■ **What to do**
In your reply, write out each entry exactly as given.

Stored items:
•••••
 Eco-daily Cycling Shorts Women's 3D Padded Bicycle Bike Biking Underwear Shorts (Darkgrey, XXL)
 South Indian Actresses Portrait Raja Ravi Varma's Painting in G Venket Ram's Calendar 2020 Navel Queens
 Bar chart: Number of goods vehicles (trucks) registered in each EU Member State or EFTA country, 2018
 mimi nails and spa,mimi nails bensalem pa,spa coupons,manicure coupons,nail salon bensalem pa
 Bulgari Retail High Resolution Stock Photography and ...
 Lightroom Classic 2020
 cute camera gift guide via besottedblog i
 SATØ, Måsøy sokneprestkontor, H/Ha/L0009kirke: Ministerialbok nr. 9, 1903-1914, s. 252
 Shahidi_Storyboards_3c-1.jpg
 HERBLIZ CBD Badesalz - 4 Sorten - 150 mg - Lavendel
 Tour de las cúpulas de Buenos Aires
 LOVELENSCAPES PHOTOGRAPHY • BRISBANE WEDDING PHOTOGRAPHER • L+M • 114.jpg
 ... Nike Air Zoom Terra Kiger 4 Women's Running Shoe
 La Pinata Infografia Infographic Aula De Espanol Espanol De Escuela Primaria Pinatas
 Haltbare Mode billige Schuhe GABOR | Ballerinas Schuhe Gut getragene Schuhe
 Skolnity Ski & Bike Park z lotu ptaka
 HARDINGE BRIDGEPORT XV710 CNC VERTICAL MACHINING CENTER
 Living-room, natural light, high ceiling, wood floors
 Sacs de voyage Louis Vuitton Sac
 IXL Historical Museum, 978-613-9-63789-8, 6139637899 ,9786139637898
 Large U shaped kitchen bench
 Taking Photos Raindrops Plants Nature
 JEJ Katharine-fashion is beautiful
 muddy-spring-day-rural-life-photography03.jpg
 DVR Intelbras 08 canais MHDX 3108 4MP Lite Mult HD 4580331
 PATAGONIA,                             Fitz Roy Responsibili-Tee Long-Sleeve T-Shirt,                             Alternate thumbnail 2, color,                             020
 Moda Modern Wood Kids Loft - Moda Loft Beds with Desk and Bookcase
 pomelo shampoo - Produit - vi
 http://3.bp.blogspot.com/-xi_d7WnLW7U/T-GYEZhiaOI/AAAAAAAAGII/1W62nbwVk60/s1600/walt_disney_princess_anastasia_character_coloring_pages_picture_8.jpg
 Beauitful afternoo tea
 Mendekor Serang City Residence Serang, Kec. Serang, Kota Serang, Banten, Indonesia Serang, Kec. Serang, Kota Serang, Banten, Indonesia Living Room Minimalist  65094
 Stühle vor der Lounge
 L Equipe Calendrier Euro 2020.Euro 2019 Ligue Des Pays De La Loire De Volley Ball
•••••
■ **Written solution**
 Eco-daily Cycling Shorts Women's 3D Padded Bicycle Bike Biking Underwear Shorts (Darkgrey, XXL)
 South Indian Actresses Portrait Raja Ravi Varma's Painting in G Venket Ram's Calendar 2020 Navel Queens
 Bar chart: Number of goods vehicles (trucks) registered in each EU Member State or EFTA country, 2018
 mimi nails and spa,mimi nails bensalem pa,spa coupons,manicure coupons,nail salon bensalem pa
 Bulgari Retail High Resolution Stock Photography and ...
 Lightroom Classic 2020
 cute camera gift guide via besottedblog i
 SATØ, Måsøy sokneprestkontor, H/Ha/L0009kirke: Ministerialbok nr. 9, 1903-1914, s. 252
 Shahidi_Storyboards_3c-1.jpg
 HERBLIZ CBD Badesalz - 4 Sorten - 150 mg - Lavendel
 Tour de las cúpulas de Buenos Aires
 LOVELENSCAPES PHOTOGRAPHY • BRISBANE WEDDING PHOTOGRAPHER • L+M • 114.jpg
 ... Nike Air Zoom Terra Kiger 4 Women's Running Shoe
 La Pinata Infografia Infographic Aula De Espanol Espanol De Escuela Primaria Pinatas
 Haltbare Mode billige Schuhe GABOR | Ballerinas Schuhe Gut getragene Schuhe
 Skolnity Ski & Bike Park z lotu ptaka
 HARDINGE BRIDGEPORT XV710 CNC VERTICAL MACHINING CENTER
 Living-room, natural light, high ceiling, wood floors
 Sacs de voyage Louis Vuitton Sac
 IXL Historical Museum, 978-613-9-63789-8, 6139637899 ,9786139637898
 Large U shaped kitchen bench
 Taking Photos Raindrops Plants Nature
 JEJ Katharine-fashion is beautiful
 muddy-spring-day-rural-life-photography03.jpg
 DVR Intelbras 08 canais MHDX 3108 4MP Lite Mult HD 4580331
 PATAGONIA,                             Fitz Roy Responsibili-Tee Long-Sleeve T-Shirt,                             Alternate thumbnail 2, color,                             020
 Moda Modern Wood Kids Loft - Moda Loft Beds with Desk and Bookcase
 pomelo shampoo - Produit - vi
 http://3.bp.blogspot.com/-xi_d7WnLW7U/T-GYEZhiaOI/AAAAAAAAGII/1W62nbwVk60/s1600/walt_disney_princess_anastasia_character_coloring_pages_picture_8.jpg
 Beauitful afternoo tea
 Mendekor Serang City Residence Serang, Kec. Serang, Kota Serang, Banten, Indonesia Serang, Kec. Serang, Kota Serang, Banten, Indonesia Living Room Minimalist  65094
 Stühle vor der Lounge
 L Equipe Calendrier Euro 2020.Euro 2019 Ligue Des Pays De La Loire De Volley Ball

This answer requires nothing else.